Открылась еще одна дверь, затем они поднялись по лестнице. Может, Раинульф нес его в порт, чтобы и от Милана избавиться так же, как и от костюма Человека-ворона? Милан задергался. Из этого мешка ему было уже не выбраться. Он был сшит из прочного льна, поэтому его невозможно было разорвать.

– Куда ты меня несешь?

– Пускай это будет для тебя неожиданностью, – грубо ответил великан. – А пока что закрой рот, иначе я тебя еще раз ударю.

Милан попытался потянуться и заработал за это толчок в ребра, рядом с зашитой раной. От боли у него перед глазами заплясали яркие пятна, и он беспомощно замер в мешке. Возможно, ему удалось бы обмануть Раинульфа. Пускай только развяжет мешок…

Они прошли лестницу. Под тяжелыми шагами великана раздавался гул брусчатки. Где-то тихо разговаривали люди. Совсем рядом послышались чьи-то торопливые шаги.

Может, ему стоило позвать на помощь? Может, тогда Раинульф просто оставит его в мешке на мостовой? С каждым шагом великана отчаяние Милана увеличивалось.

Вскоре он услышал тихий плеск волн, разбивающихся о причал. Раинульф действительно притащил его в порт! Этот мерзавец хотел утопить его, как ненужного котенка!
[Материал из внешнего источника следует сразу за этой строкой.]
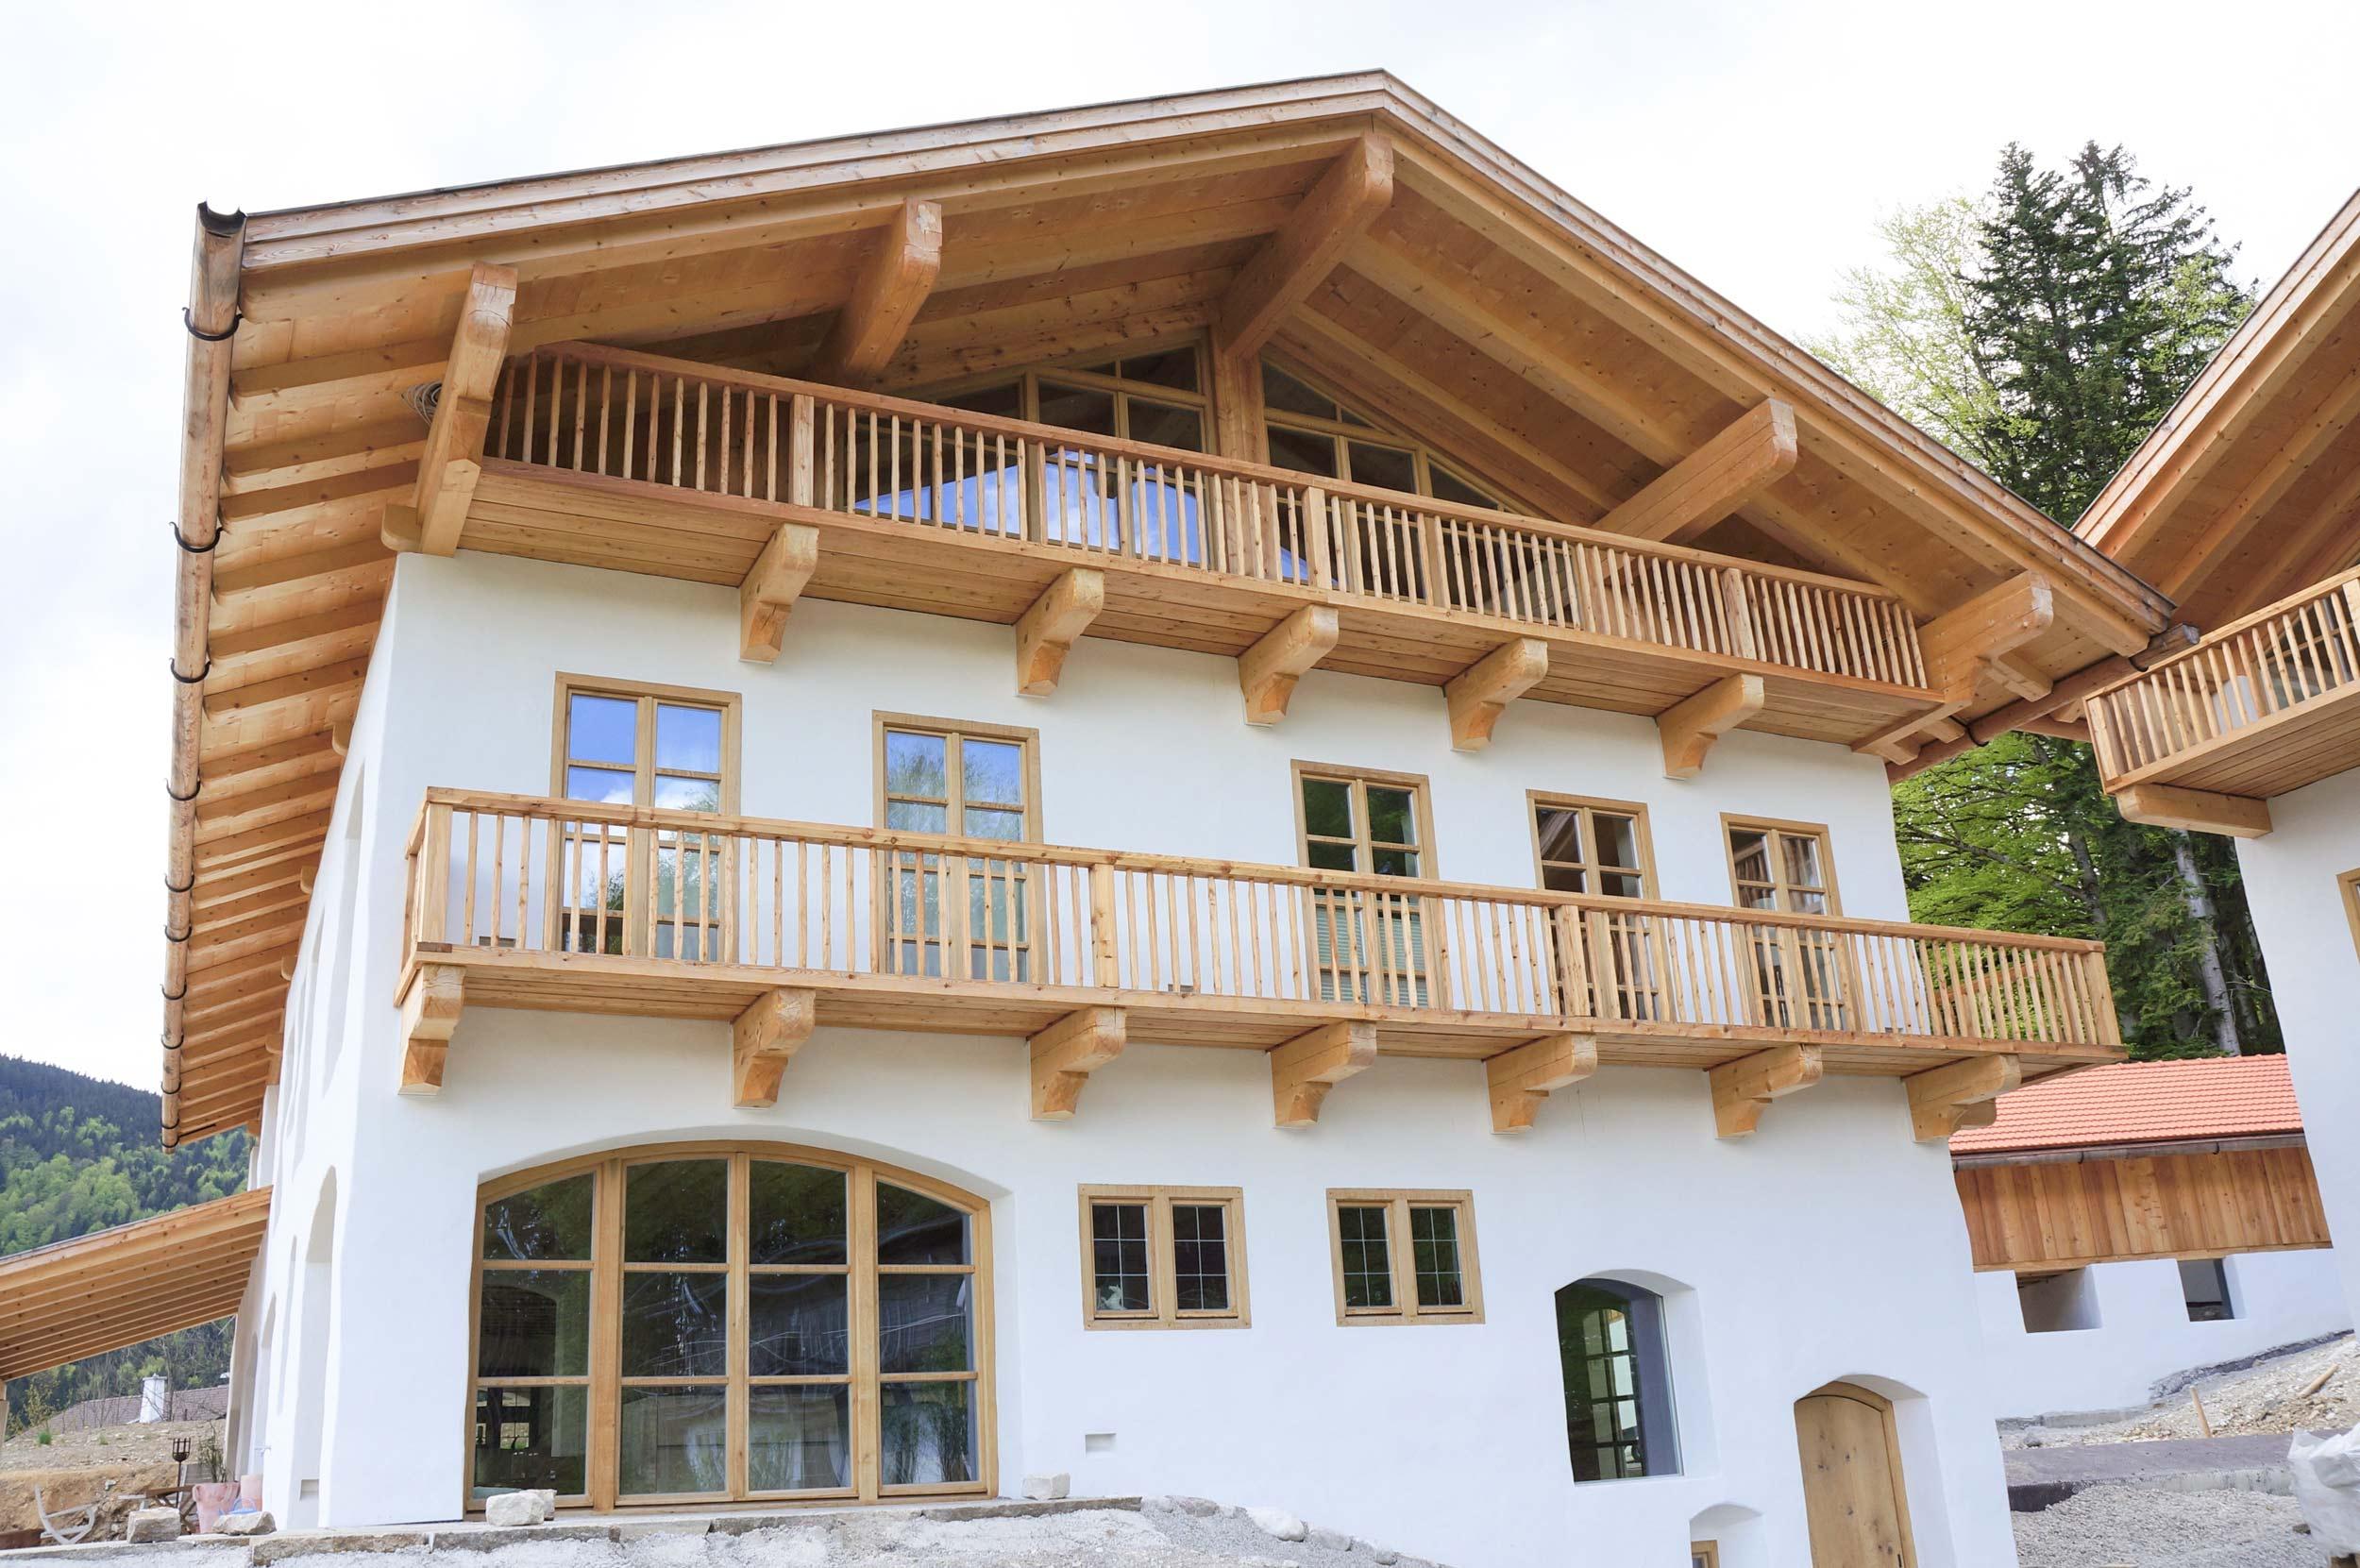 zimmerei-stoib-holzbau-holzhaus-tegernsee-bad-wiessee-balkon-dachstuhl-01.jpg

Милан начал сопротивляться.

– Помогите! – закричал он изо всех сил.

Милан почувствовал удар кулака в бок, и от боли у него отняло речь. Он скорчился и не смог выдавить из себя ничего, кроме тихого хрипа.
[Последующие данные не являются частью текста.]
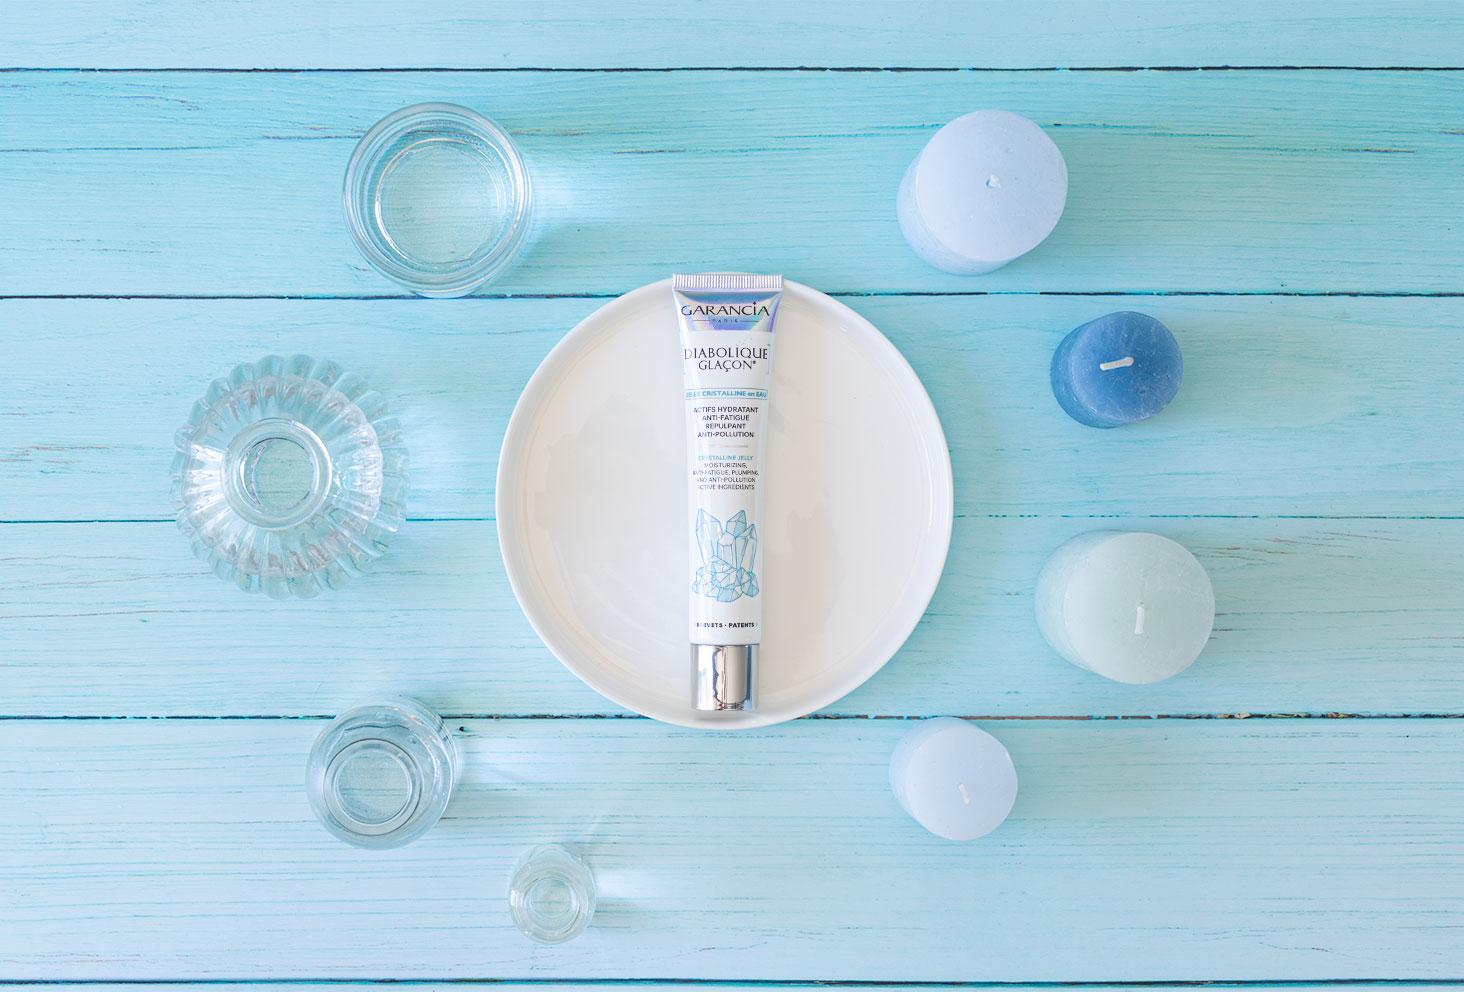 Le Diabolique Glaçon de Garancia posé dans une coupelle en verre blanche au milieu de bouteille en verre pleines d'eau et de bougies bleues sur un fond en bois turquoise

Шаги Раинульфа гулко раздавались по деревянным доскам. Они были на причале, который вел к воде.

Великан снял свою ношу с плеча, и Милан провалился в бездну.

ДАЛИЯ, ПОРТ, ВЕЧЕР, 17-Й ДЕНЬ МЕСЯЦА УРОЖАЯ В ГОД ВТОРОГО ВОСХОЖДЕНИЯ САСМИРЫ НА ПРЕСТОЛ

Удар о землю был тяжелым. Казалось, что поверхность закачалась под весом мешка.

Затем рядом с Миланом раздался треск и кто-то развязал мешок.

Когда грубую льняную ткань откинули с головы Милана, а с глаз сняли повязку, он все еще не мог произнести хотя бы слово.

Лицо Раинульфа выделялось расплывчатым пятном на фоне ночного неба.

– Извиняюсь, малой. Нас увидели несколько городских стражей, и мне пришлось притвориться, что я направляюсь к лодкам.

В голосе великана было что-то такое, что заставило Милана засомневаться в правдивости его слов. Возможно, грубияну просто доставляло удовольствие заигрывать с его страхами.

Милан ошеломленно огляделся. Он лежал на куче рыбацких сетей внутри небольшой лодки. В небе, будто фонарь, ярко светила луна.

Милан осторожно пощупал зашитую рану. Она болела от малейшего прикосновения, но, по крайней мере, шов не разошелся. Он взглянул вверх на причал. Раинульф бросил его в лодку почти с метровой высоты.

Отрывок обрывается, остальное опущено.